Each event in the ceremony has its own mantra:

=== Panglepas’s mantra ===
Mantra: ukulun Bhatara Bhrahma, Bhatara Wisnu, Bhatara lswara, manusanira si anu (nama anak) anglepas aon, ipun ribatara tiga, pukulun anyuda leteh ipun, teka sudha, teka sudha, teka sudha, lepas malanipun.

Meaning: Om Hyang Widhi Wasa in manifestation as Bhatara Brahma, ishnu, Swara. Cleanse thy servant's defilement so he becomes holy and free from misery or suffering.

Mantra: Pukulun kaki sambut, nini sambut, tanedanan sambut agung tanedanan sambut alit, yen lunga mangetan, mangidul, mangalor, mangulon, mwang maring tengah, atmane si jabang bayi, tinututan dening pawatek dewata, pinayungan kala cakra, pinageran wesi, sambut ulihakena atma bayu premanane si jabang bayi maka satus delapan, amepeki raga sariranipun.

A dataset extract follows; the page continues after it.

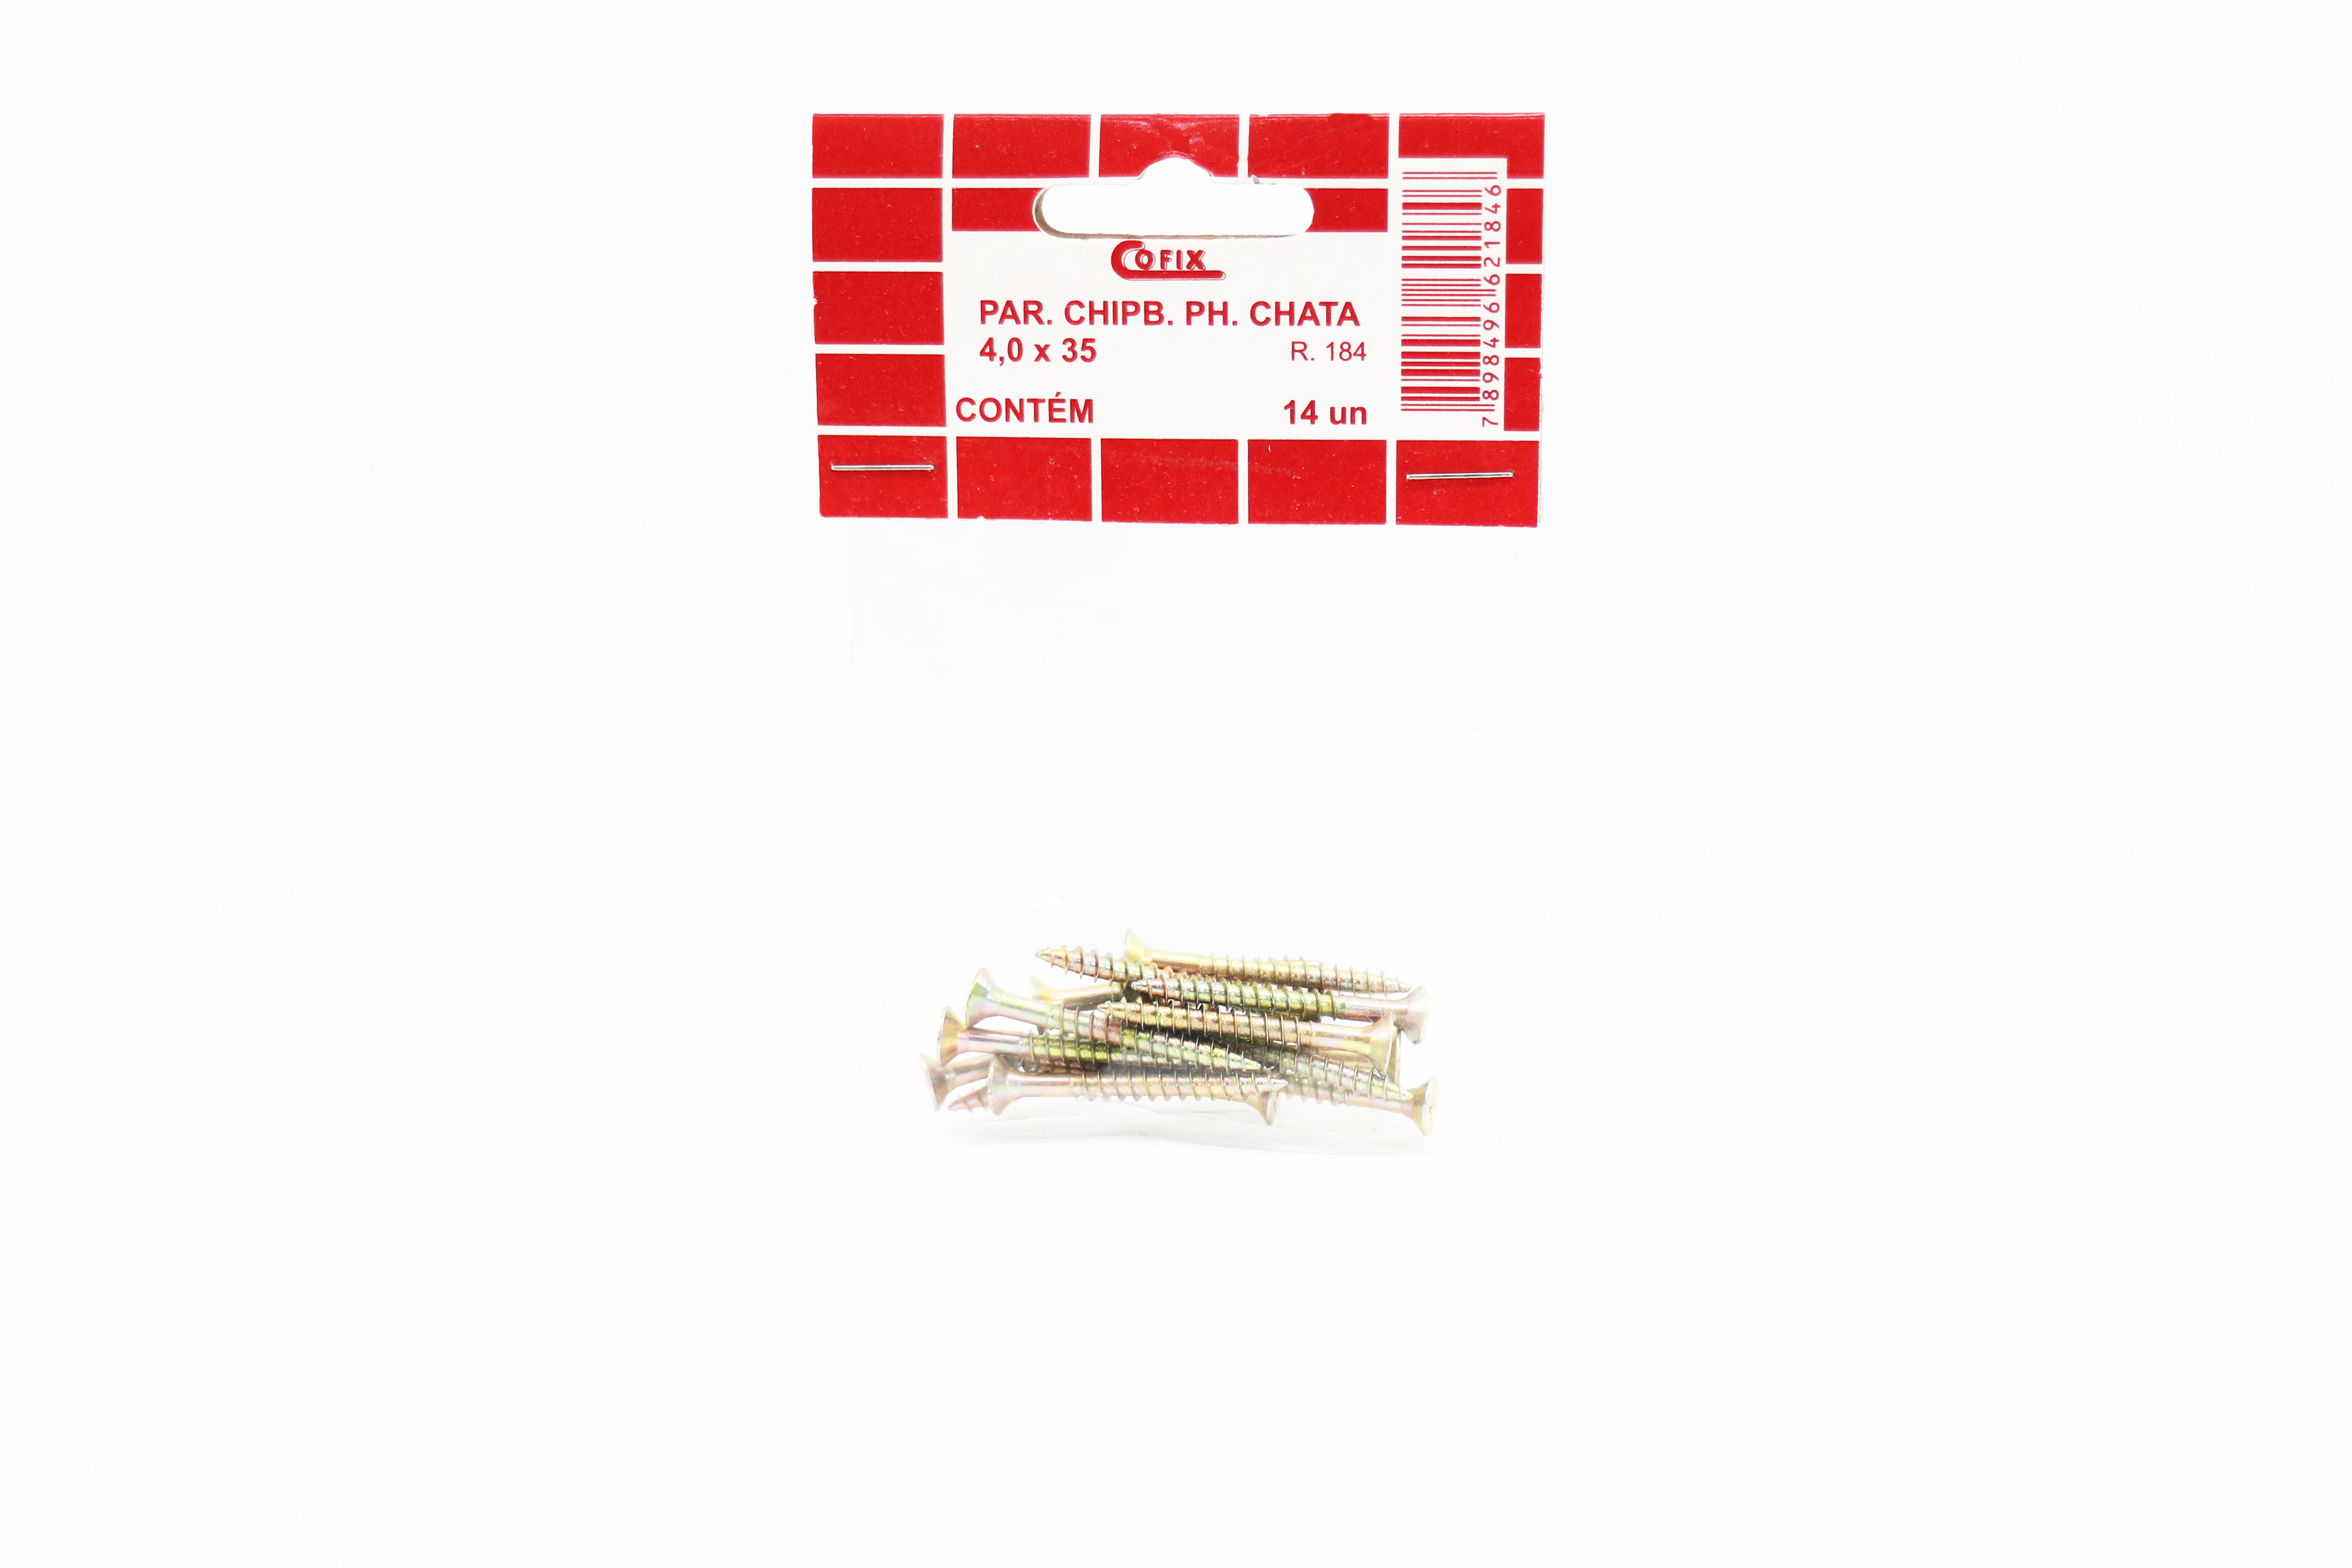 Cartela de Parafuso Chip 4,0x35 14un Cofix

Meaning: Om Hyang Widhi Wasa in manifestation, welcome this, without exception welcomes big and small, allow me to beg if the spirit of the baby might go to East, South, West, North, and be in the Middle, to always get protection from Gods. Return the perfection of the baby's spirit to his body.

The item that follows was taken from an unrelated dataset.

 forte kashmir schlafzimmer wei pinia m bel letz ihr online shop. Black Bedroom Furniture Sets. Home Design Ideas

=== Simbul tanam’s mantra ===
Mantra: Om sang wawu pade wawu anak ira si tunggul ametung putunira sikarang jarat, sira anak-anakan watu, sira anak-anakan antiga, ingusan anak-anakan manusa.

Meaning: Om Hyang Widhi Wasa, your son is the one who is with you and your grandson who is growing and healthy, is a seed that is expected to be useful in the future.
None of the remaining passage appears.